Message passing optimization

Throttle stealing

In the work-stealing scheduler, when a processor’s run queue is empty, the
processor will then attempt to steal tasks from sibling processors. To do this,
a random sibling is picked as a starting point and the processor performs a
steal operation on that sibling. If no tasks are found, the next sibling is
tried, and so on until tasks are found.

In practice, it is common for many processors to finish processing their run
queue around the same time. This happens when a batch of work arrives (for
example when epoll is polled for socket readiness). Processors are woken up,
they acquire tasks, run them, and are finished. This results in all processors
attempting to steal at the same time, which means many threads attempting to
access the same queues. This creates contention. Randomly picking the starting
point helps reduce contention, but it can still be pretty bad.

To work around this, the new scheduler limits the number of concurrent
processors performing steal operations. We call the processor state in which
processors attempt to steal as “searching for work”, or the “searching” state
for short (this will come up later). This optimization is performed by having an
atomic int that the processor increments before starting to search and
decrements when exiting the searching state. The max number of searchers is half
the total number of processors. That said, the limit is sloppy, and that is OK.
We don’t need a hard limit on the number of searchers, just a throttle. We trade
precision for algorithm efficiency.

Once in the searching state, the processor attempts to steal from sibling
workers and checks the global queue.

Reducing cross thread synchronization

The other critical piece of a work-stealing scheduler is sibling notification.
This is where a processor notifies a sibling when it observes new tasks. If the
sibling is sleeping, it wakes up and steals tasks. The notification action has
another critical responsibility. Recall the queue algorithm used weak atomic
orderings (Acquire / Release). Because of how atomic memory ordering work,
without additional synchronization, there is no guarantee that a sibling
processor will ever see tasks in the queue to steal. The notification action
also is responsible for establishing the necessary synchronization for the
sibling processor to see the tasks in order to steal them. These requirements
make the notification action expensive. The goal is to perform the notification
action as little as possible without resulting in CPU under utilization, i.e. a
processor has tasks and a sibling is unable to steal them. Overeager
notification results in a thundering herd problem.

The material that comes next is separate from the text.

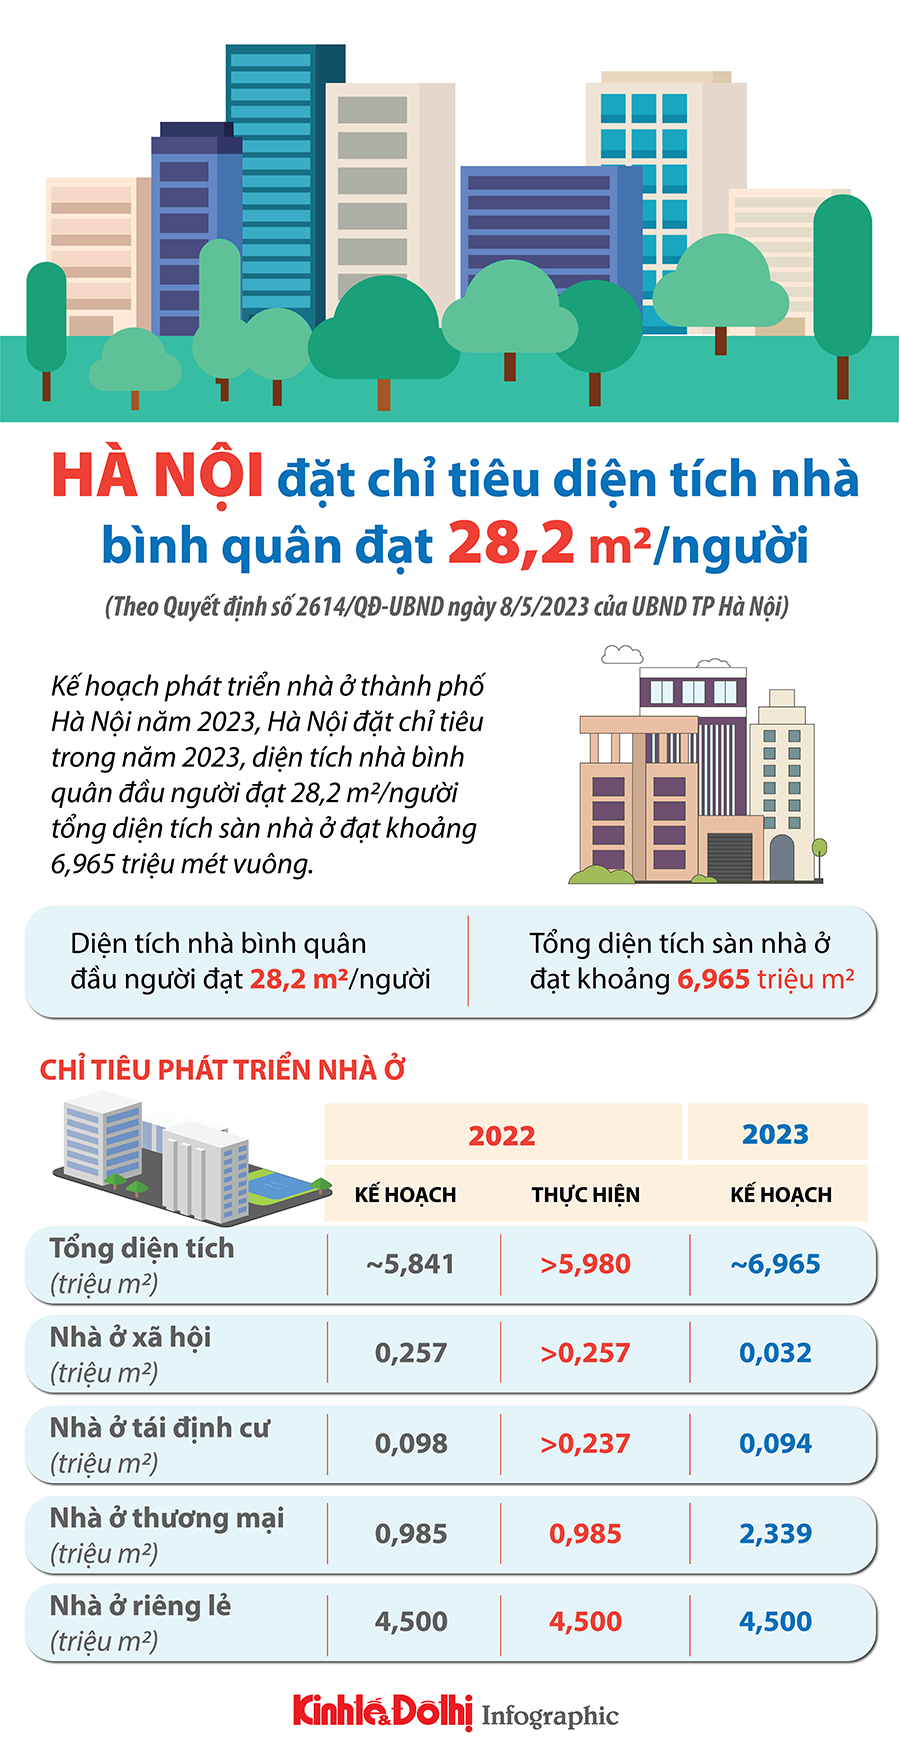 Hà Nội đặt chỉ tiêu diện tích nhà bình quân đạt 28,2 m2/người - Ảnh 1

The original Tokio scheduler took a naive approach to notification. Whenever a
new task was pushed on to the run queue, a processor was notified. Whenever a
processor was notified and found a task upon waking, it would then notify yet
another processor. This logic very quickly resulted in all processor getting
woken up and searching for work (causing contention). Very often, most of these
processors failed to find work and went back to sleep.

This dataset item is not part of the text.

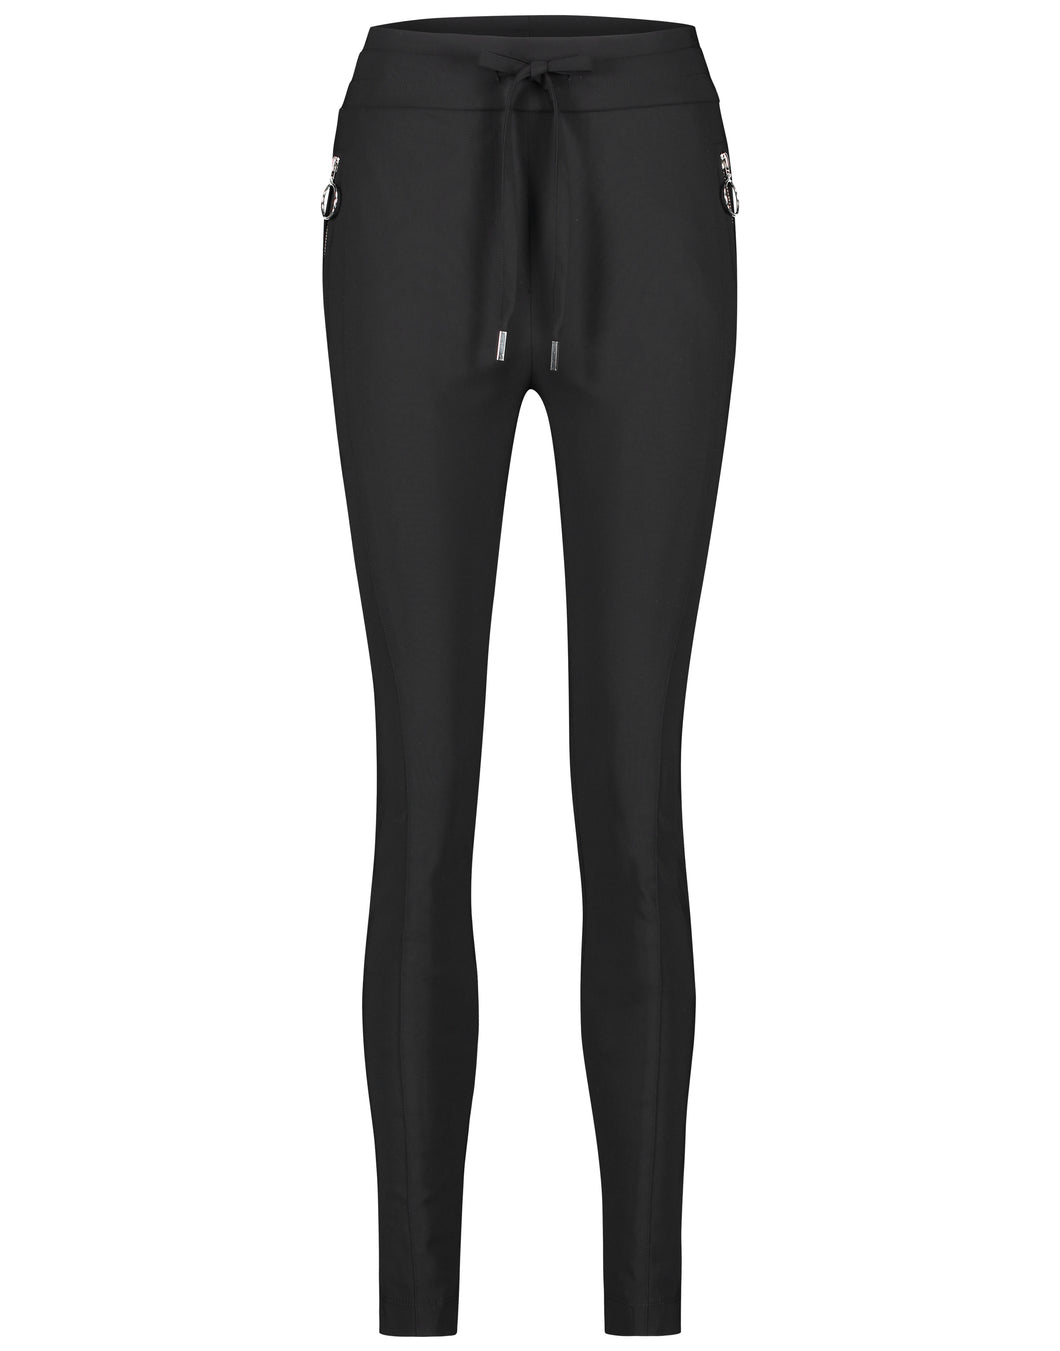 De broek Anna Skinny Fit Black BB230UZ heeft een smalle pijp, een tailleband met trekkoord, zakken met ritsen en detail. De broek is uitgevoerd in de kleur zwart en is van de bekende travel kwaliteit.

The new scheduler significantly improves on this by borrowing the same technique
used in the Go scheduler. Notification is attempted at the same points as the
previous scheduler, however, notification only happens if there are no workers
in the searching state (see previous section). When a worker is notified, it is
immediately transitioned to the searching state. When a processor in the
searching state finds new tasks, it will first transition out of the searching
state, then attempt another processor.

This logic has the effect of throttling the rate at which processors work up. If
a batch of tasks is scheduled at once (for example, when epoll is polled for
socket readiness), the first one will result in notifying a processor. That
processor is now in the searching state. The rest of the scheduled tasks in the
batch will not notify a processor as there is at least one in the searching
state. That notified processor will steal half the tasks in the batch, and in
turn notify another processor. This third processor will wake up, find tasks
from one of the first two processors and steal half of those. This results in a
smooth ramp up of processors as well as rapid load balancing of tasks.

Reducing allocations

The new Tokio scheduler requires only a single allocation per spawned task while
the old one required two. Previously, the Task struct looked something like:

struct Task {
    /// All state needed to manage the task
    state: TaskState,

    /// The logic to run is represented as a future trait object.
    future: Box<dyn Future<Output = ()>>,
}

The Task struct would then be allocated in a Box as well. This has always
been a wart that I have wanted to fix for a long time (I first attempted to fix
this in 2014). Since the old Tokio scheduler, two things have changed. First,
std::alloc stabilized. Second, the Future task system switched to an explicit
vtable strategy. These were the two missing pieces needed to finally
get rid of the double allocation per task inefficiency.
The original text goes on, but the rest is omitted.